## Exercise data
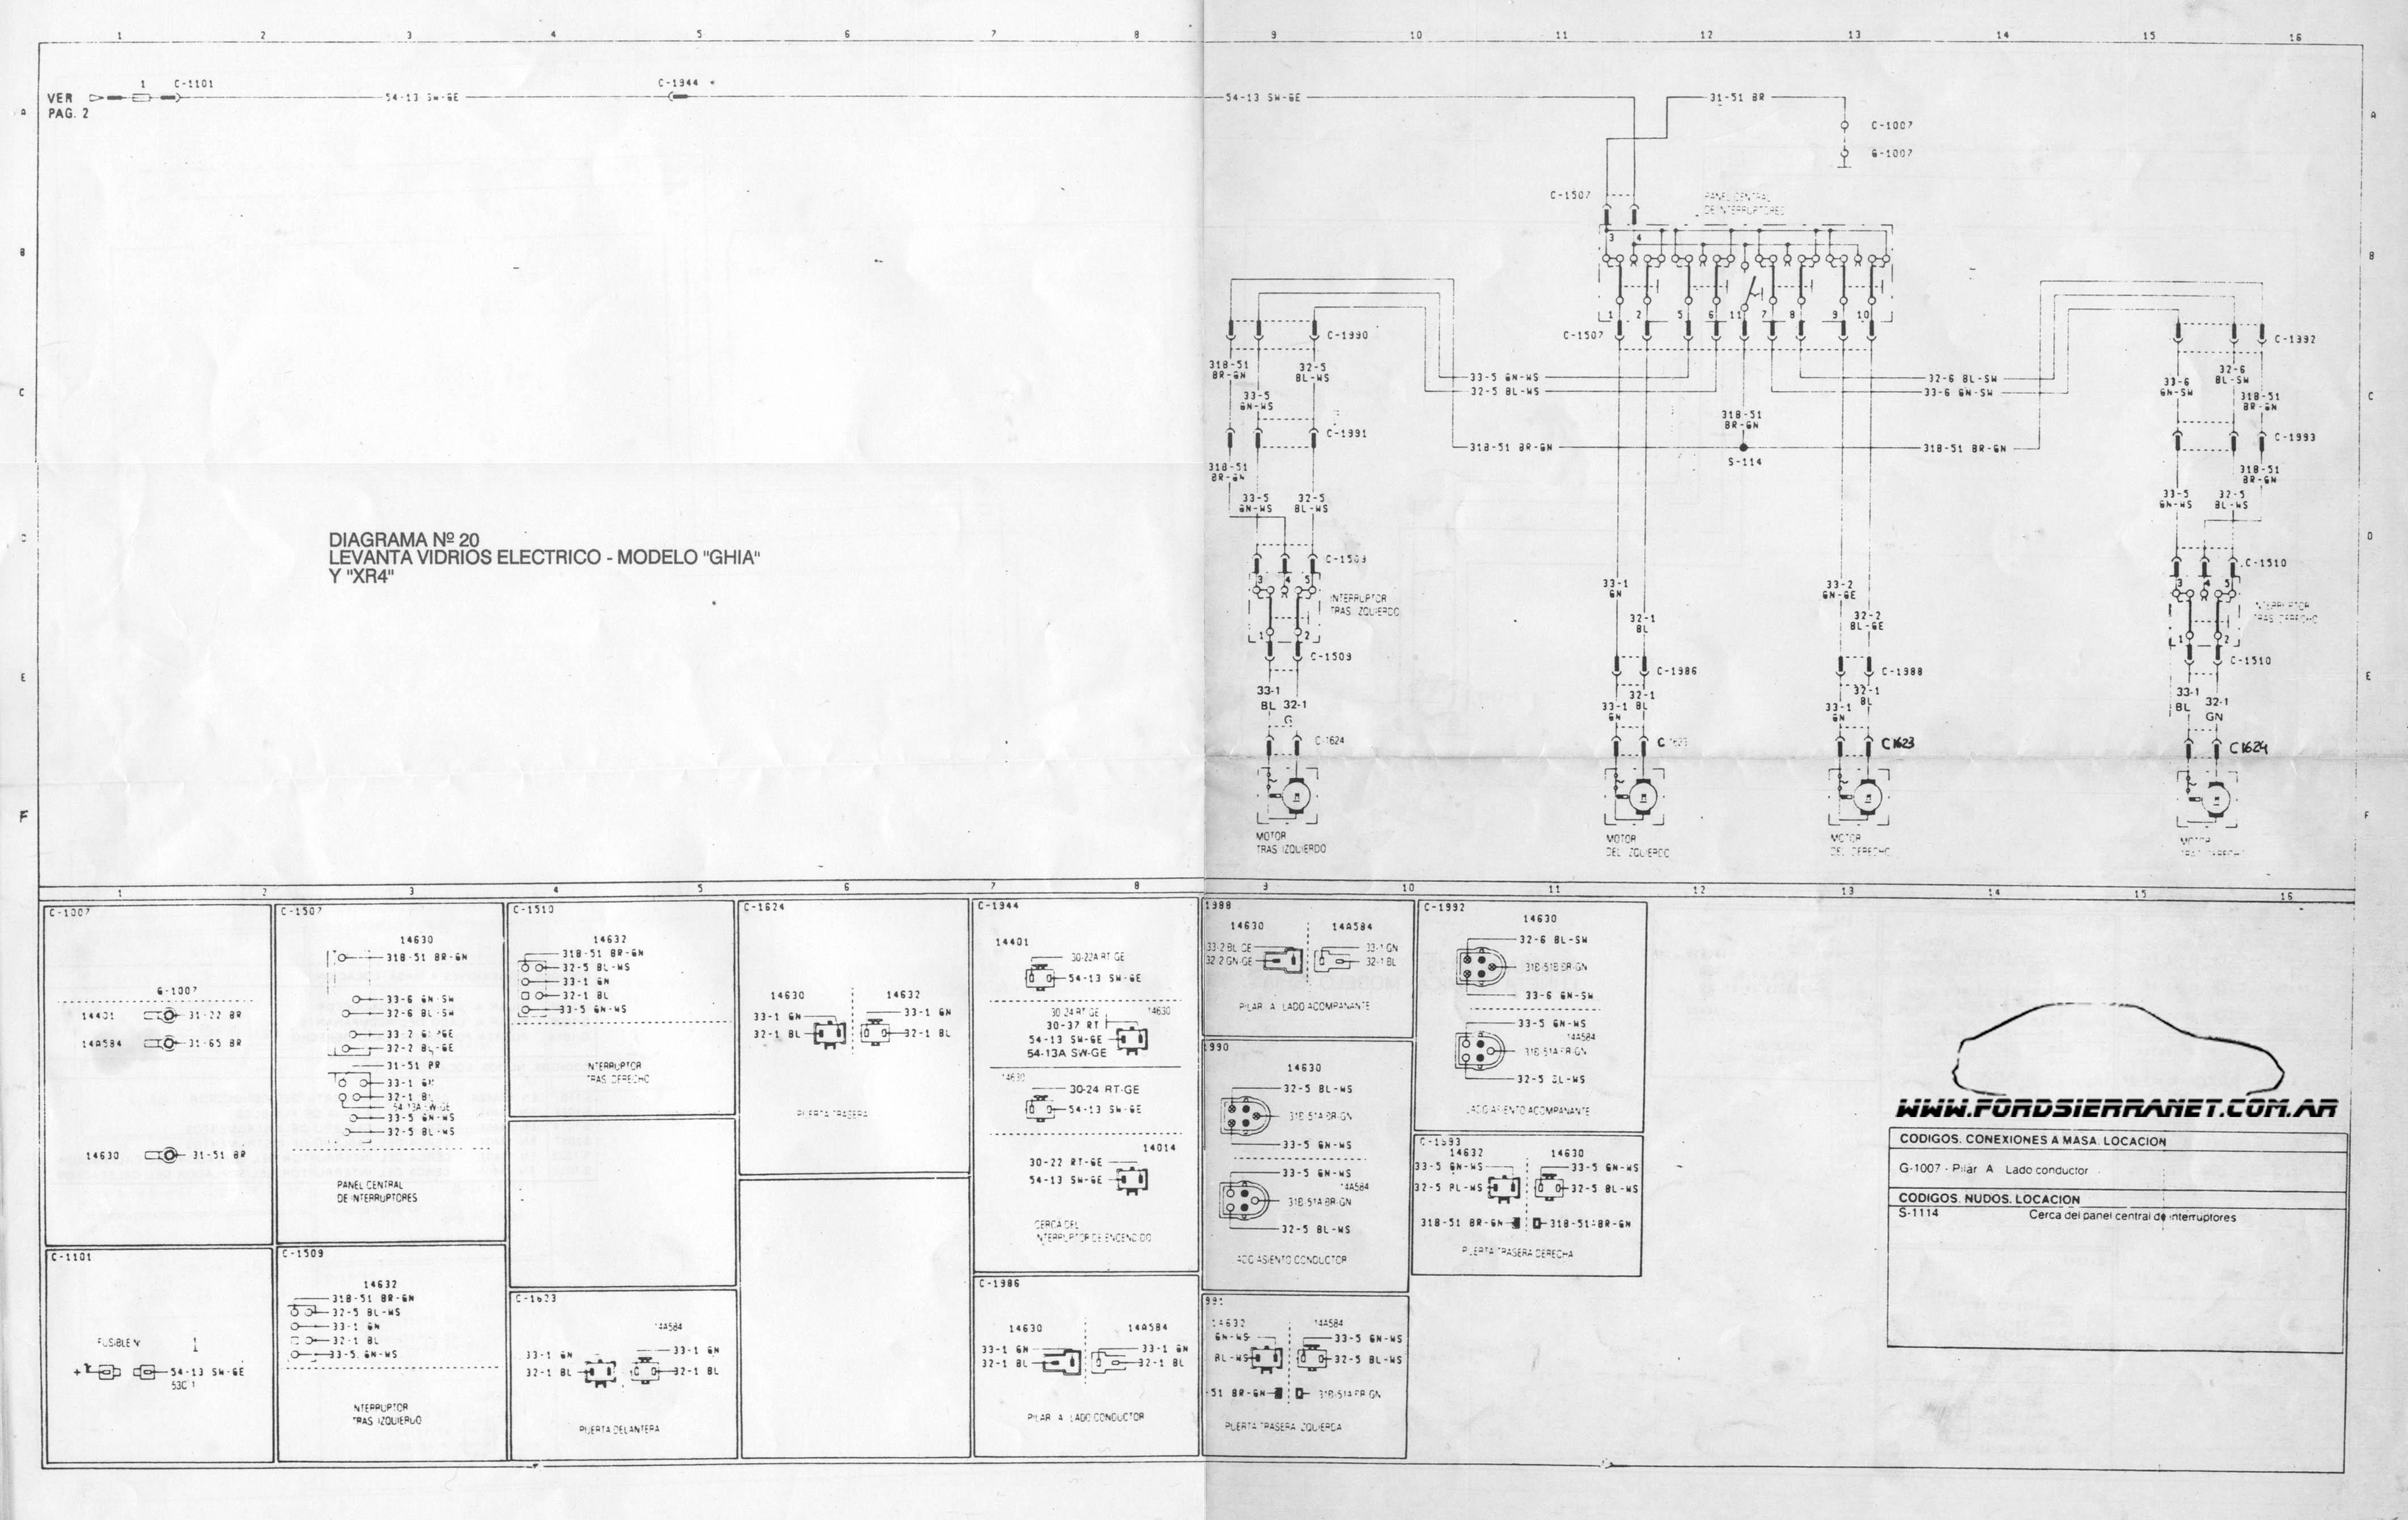 Circuito Levanta Vidrios Electricos : Diagramas electricos
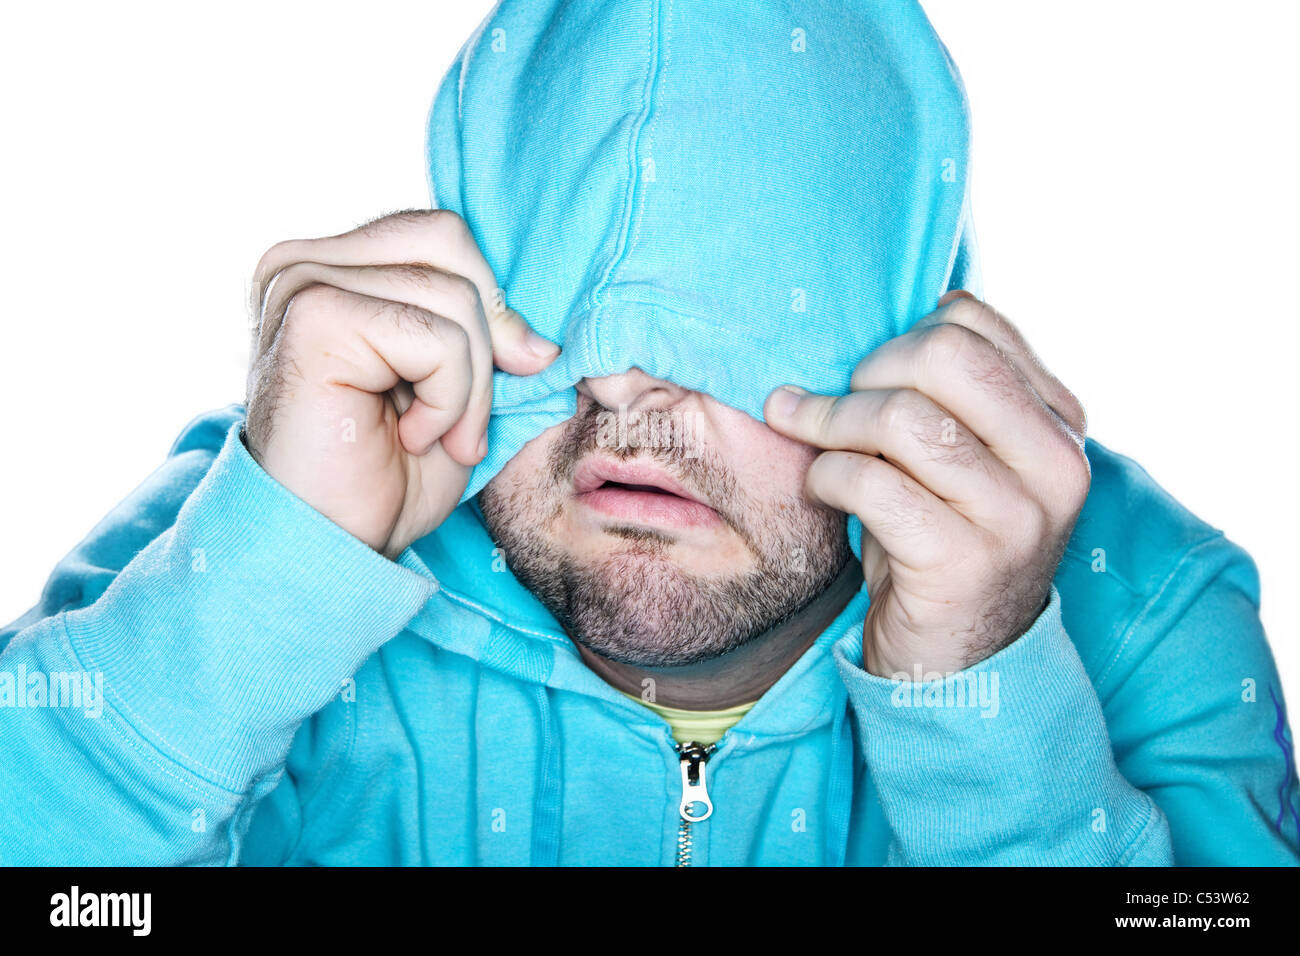 Scruffy uomo tirando un luminoso felpa con cappuccio blu sul suo volto, con un espressione da commedia. Immagini Stock
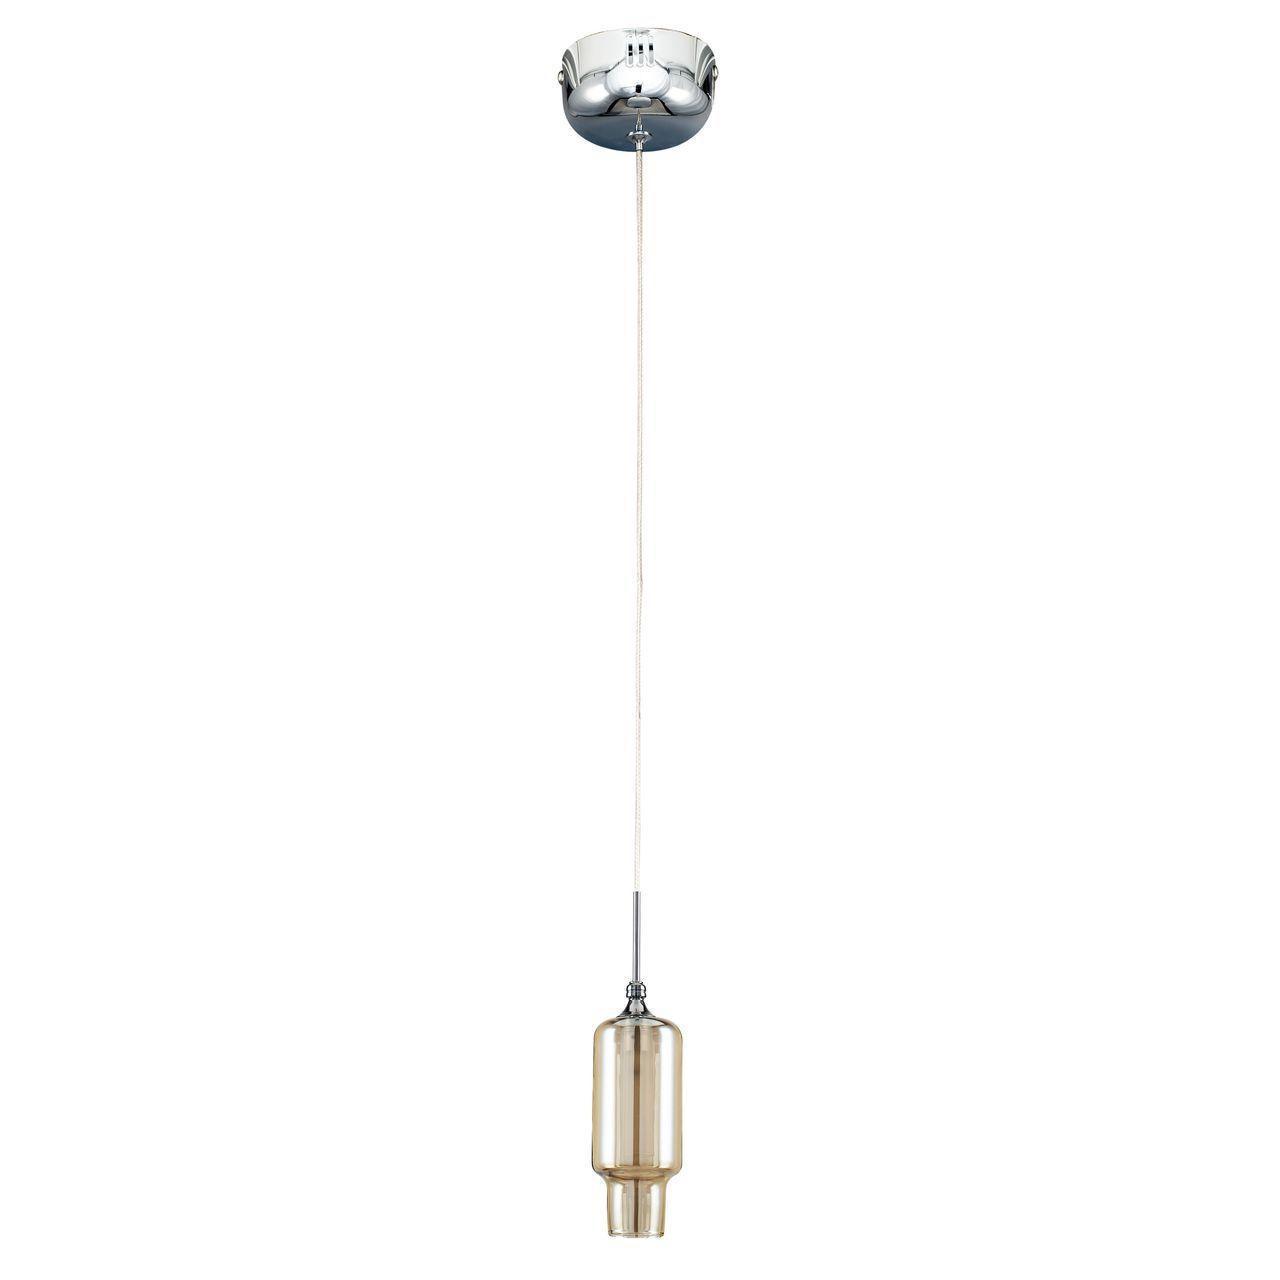 Подвесной светодиодный светильник Spot Light Inca 1176101 подвесной светодиодный светильник spot light inca 1176101

## Work task
Give the lines from the one containing "Scruffy uomo tirando" through the final line of the material again, exactly and in full, but without pictures.

## Task solution
 Scruffy uomo tirando un luminoso felpa con cappuccio blu sul suo volto, con un espressione da commedia. Immagini Stock
 Подвесной светодиодный светильник Spot Light Inca 1176101 подвесной светодиодный светильник spot light inca 1176101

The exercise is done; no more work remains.